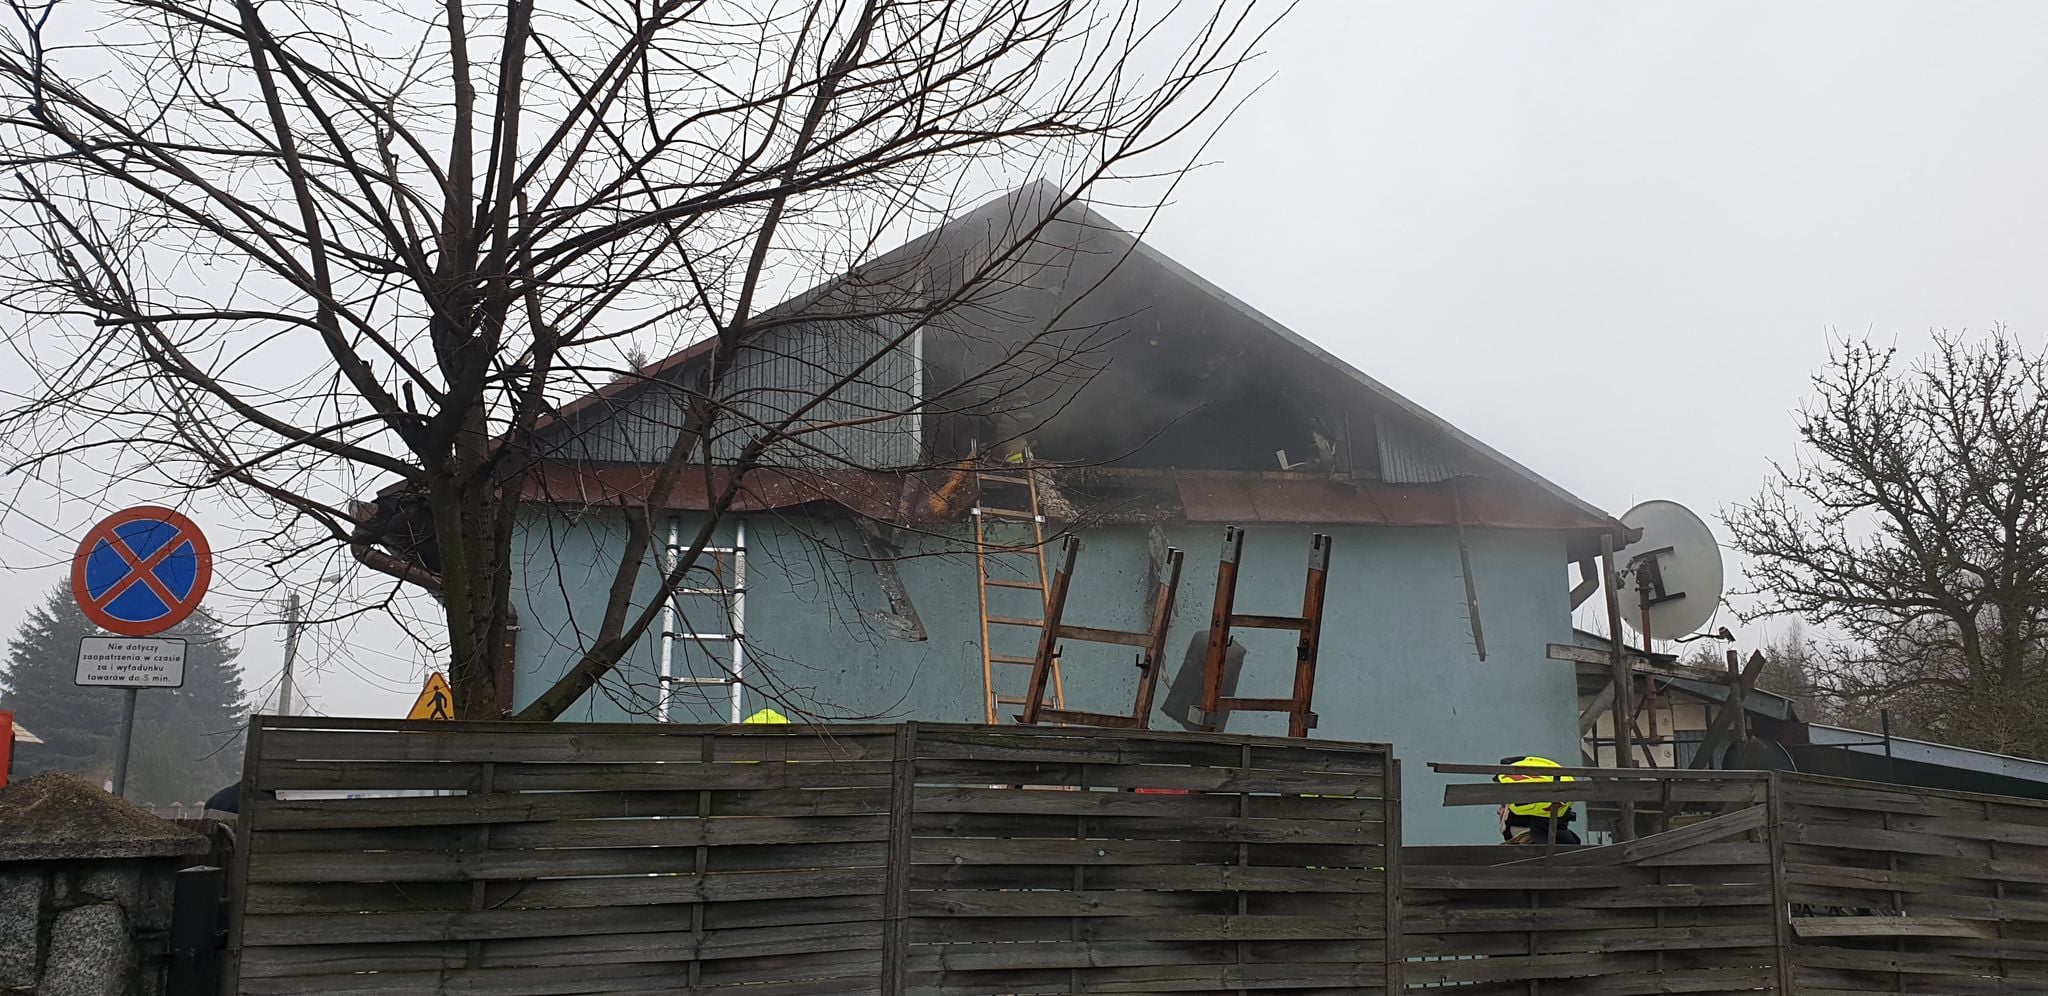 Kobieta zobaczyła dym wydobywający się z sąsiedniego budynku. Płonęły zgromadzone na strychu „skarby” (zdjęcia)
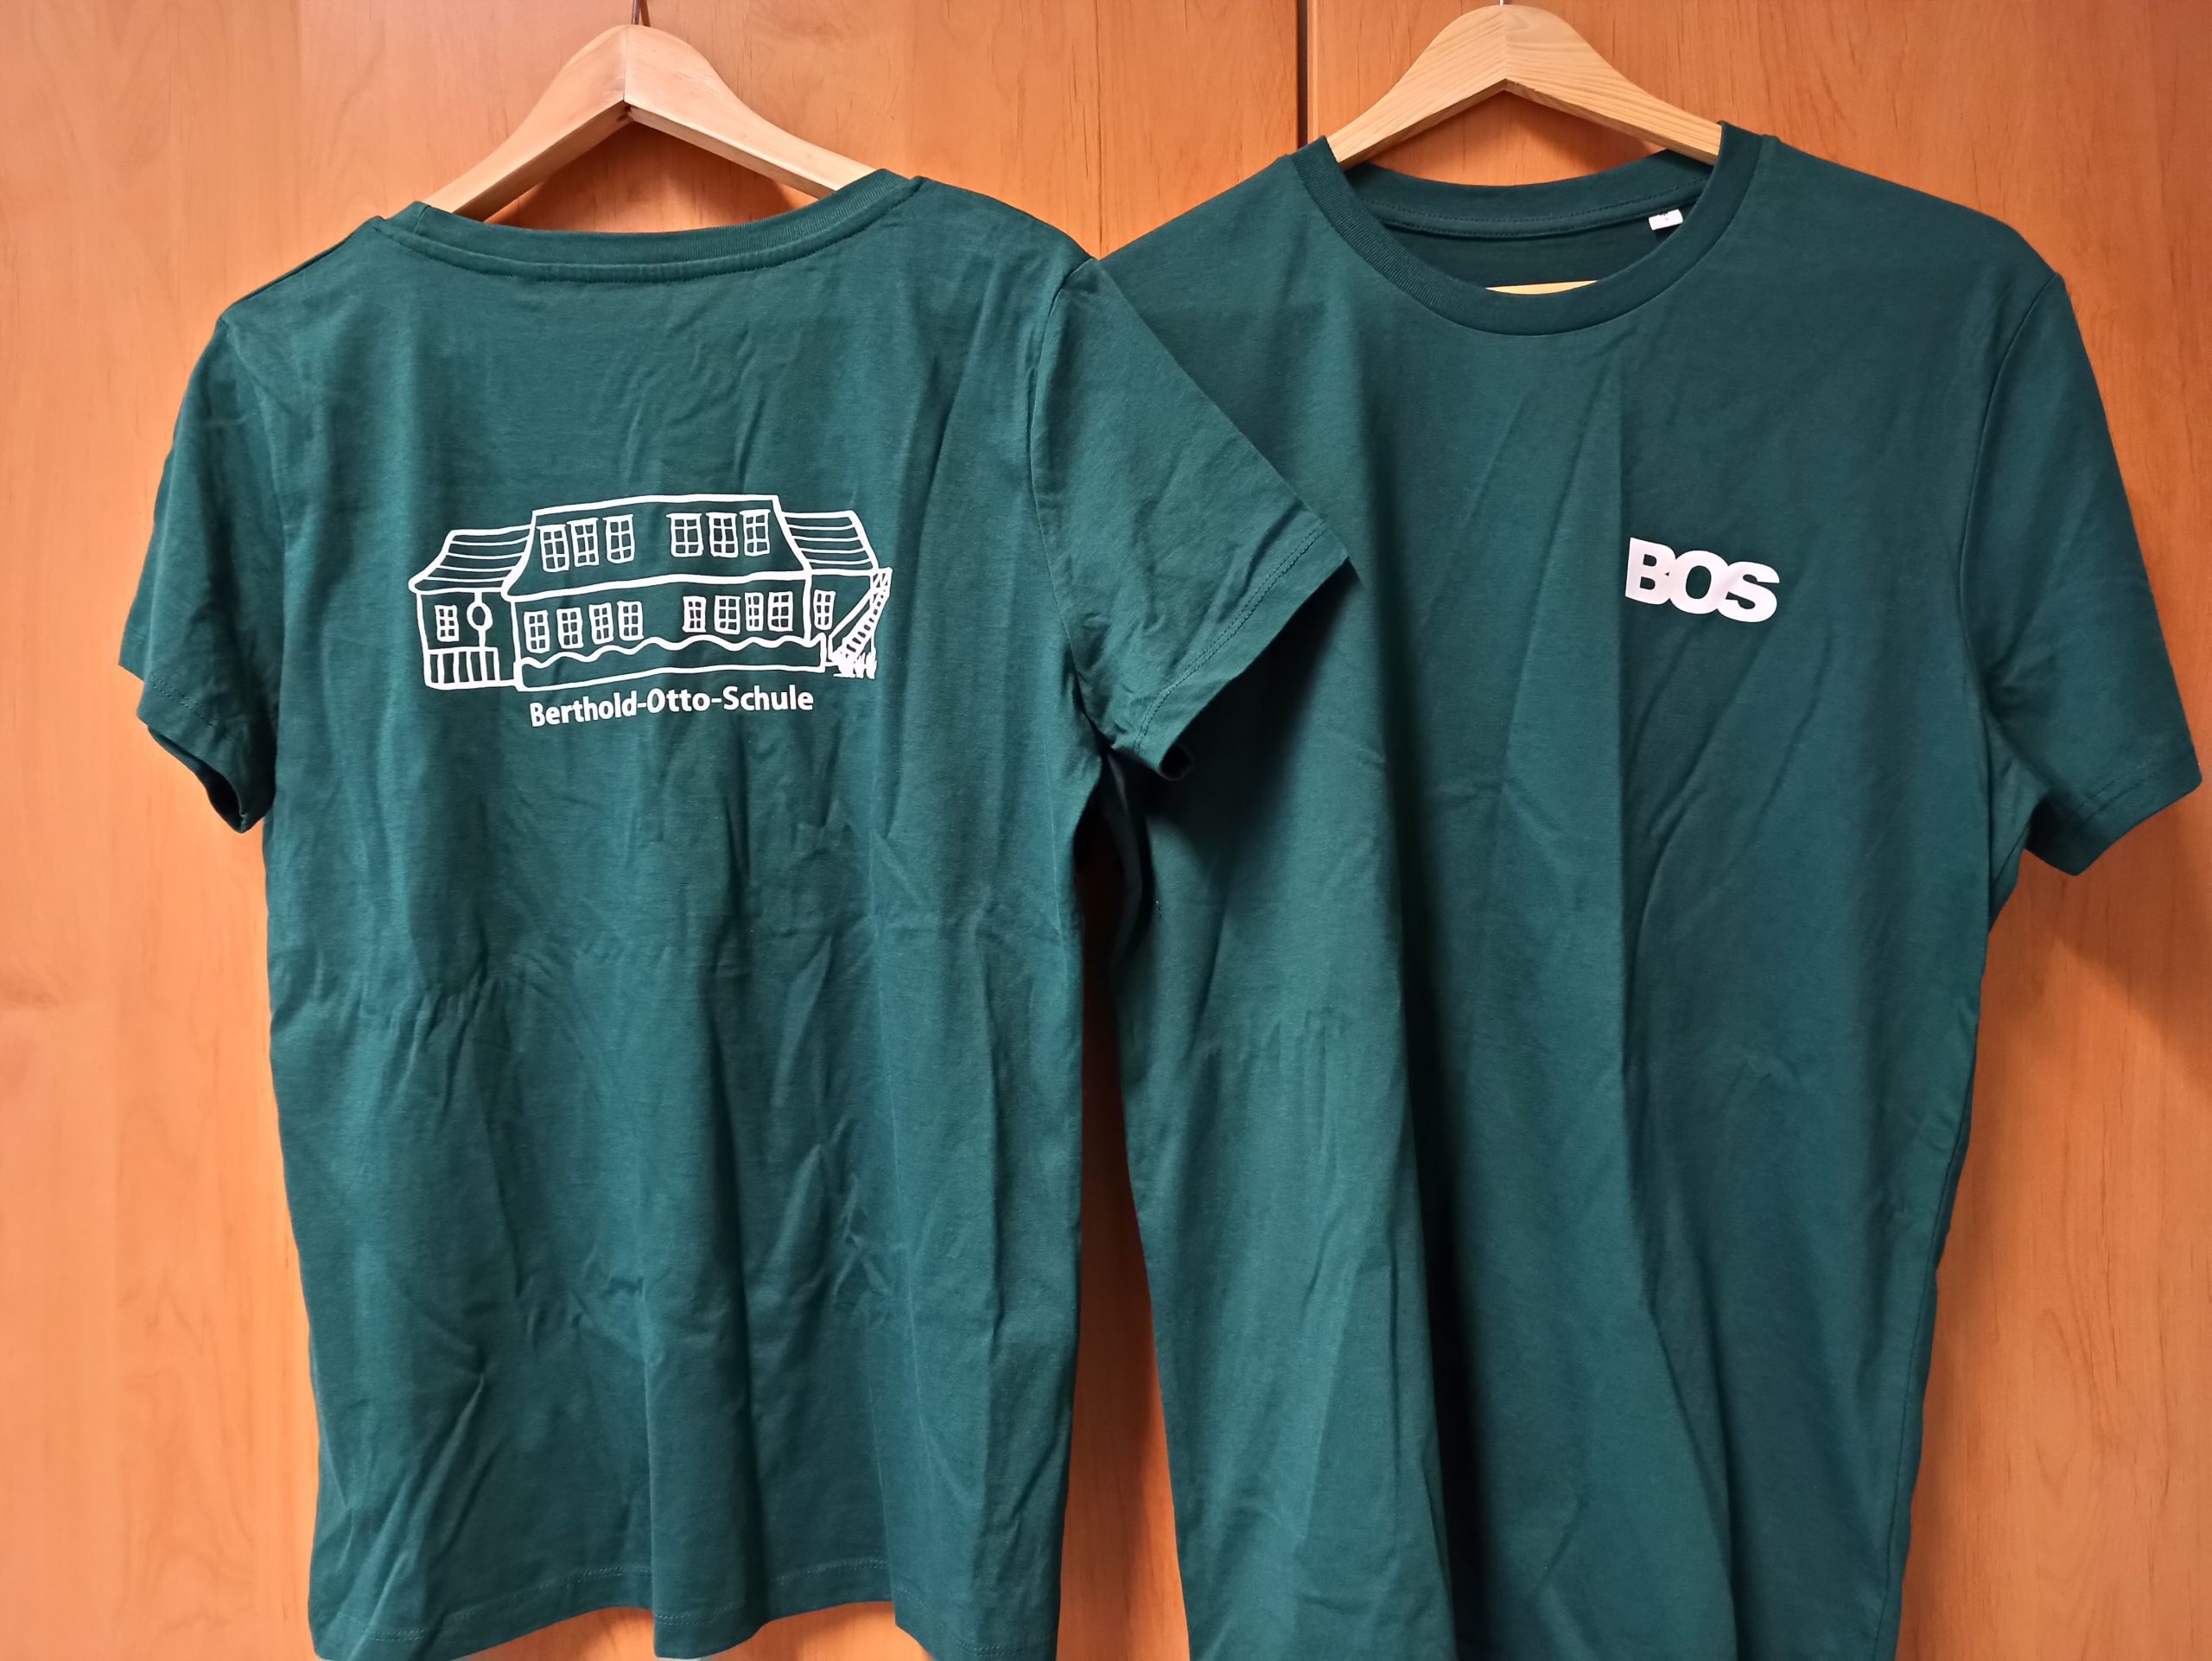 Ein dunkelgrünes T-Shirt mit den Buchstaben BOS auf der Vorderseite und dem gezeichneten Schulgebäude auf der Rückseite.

--

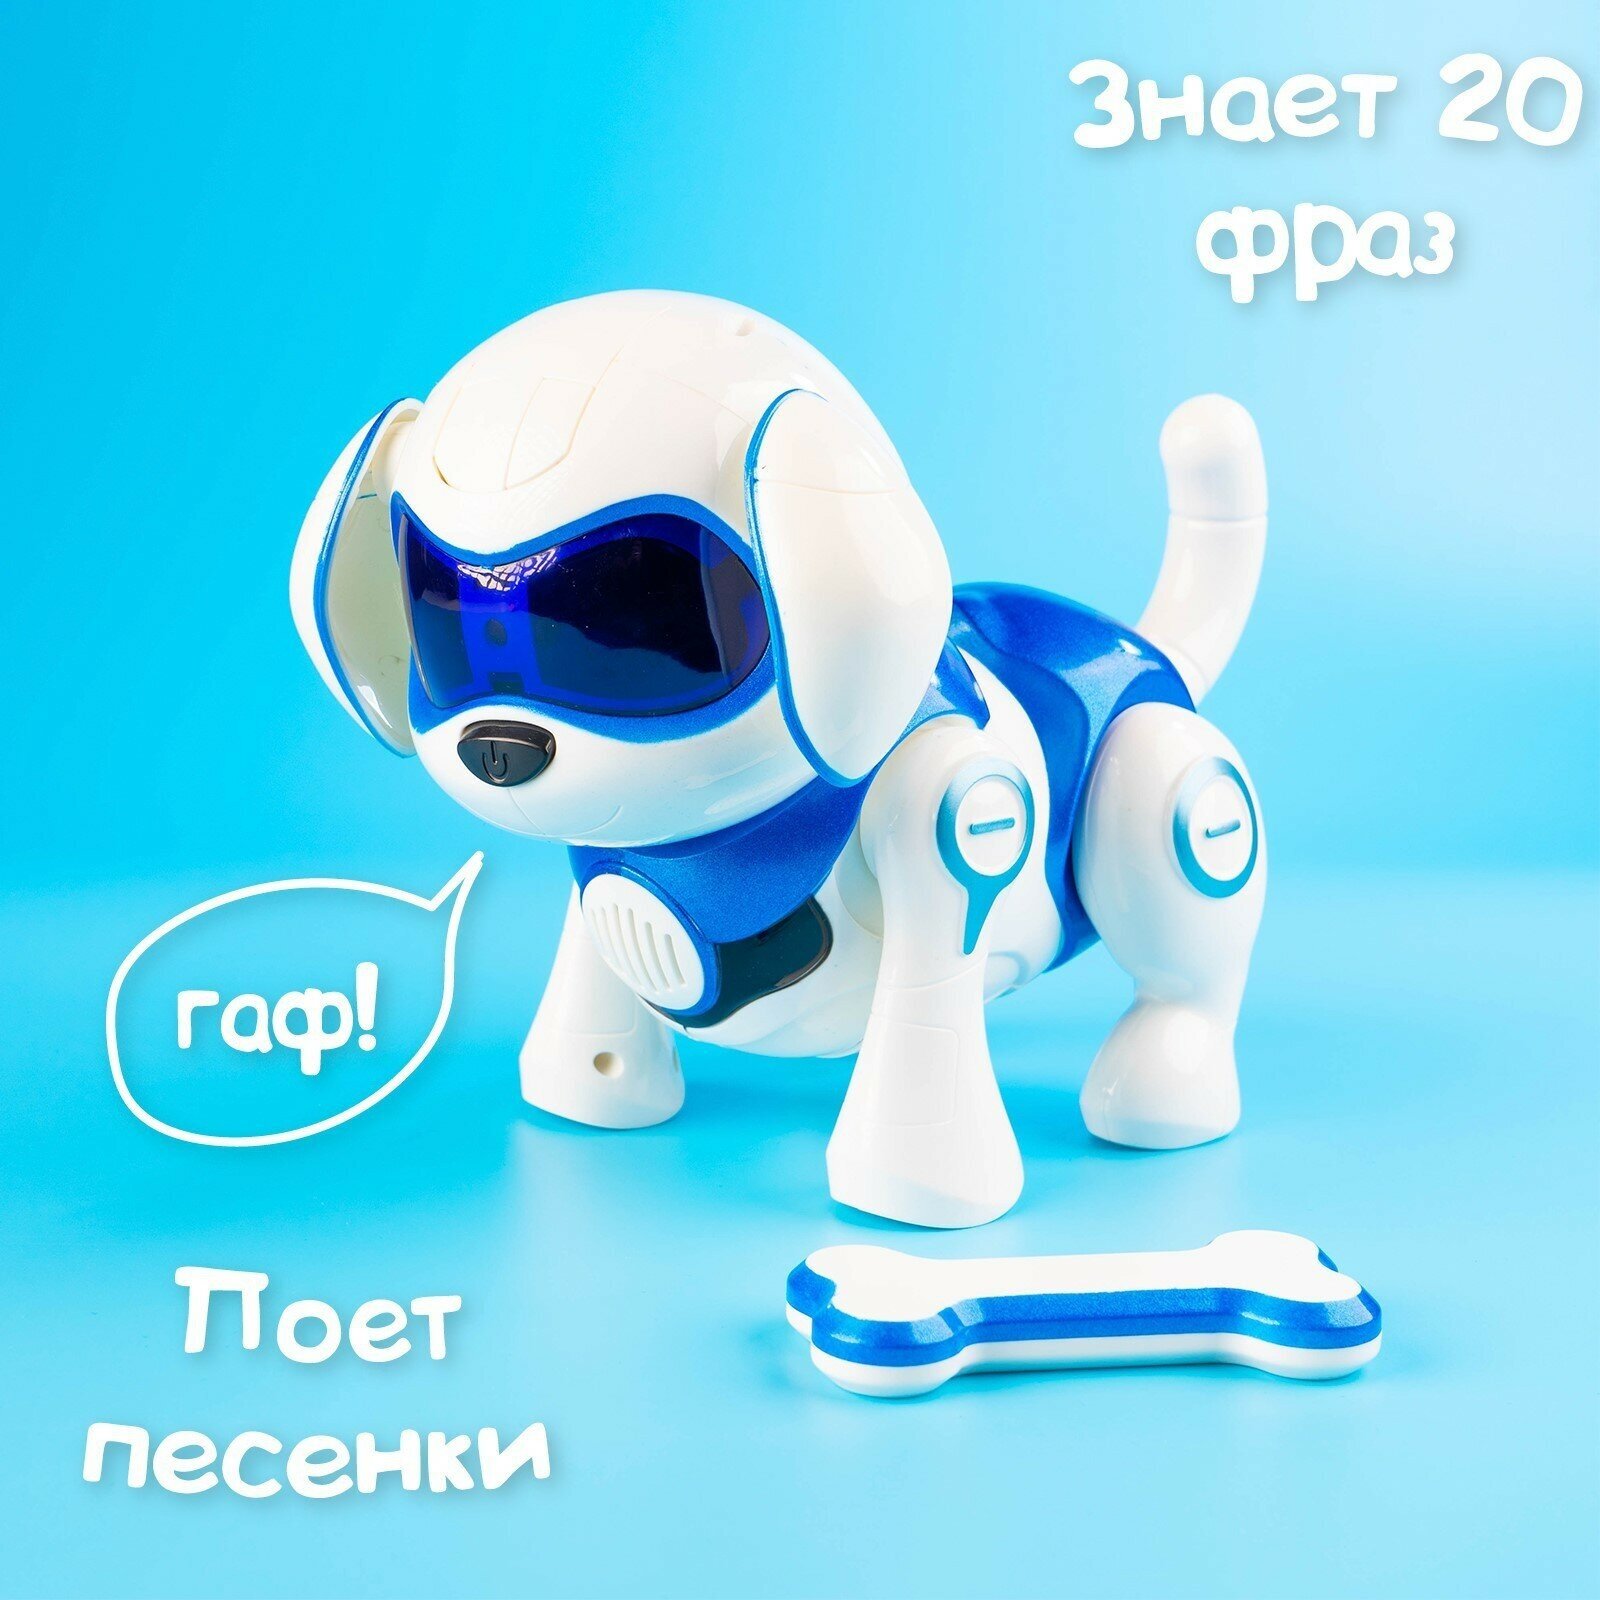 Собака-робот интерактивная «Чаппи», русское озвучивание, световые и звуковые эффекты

§ Task to complete
Skip every picture, and restate word for word only the lines above from the line containing "Kobieta zobaczyła dym" to the line containing "Ein dunkelgrünes T-Shirt", both of them included.

§ Expected output
 Kobieta zobaczyła dym wydobywający się z sąsiedniego budynku. Płonęły zgromadzone na strychu „skarby” (zdjęcia)
 Ein dunkelgrünes T-Shirt mit den Buchstaben BOS auf der Vorderseite und dem gezeichneten Schulgebäude auf der Rückseite.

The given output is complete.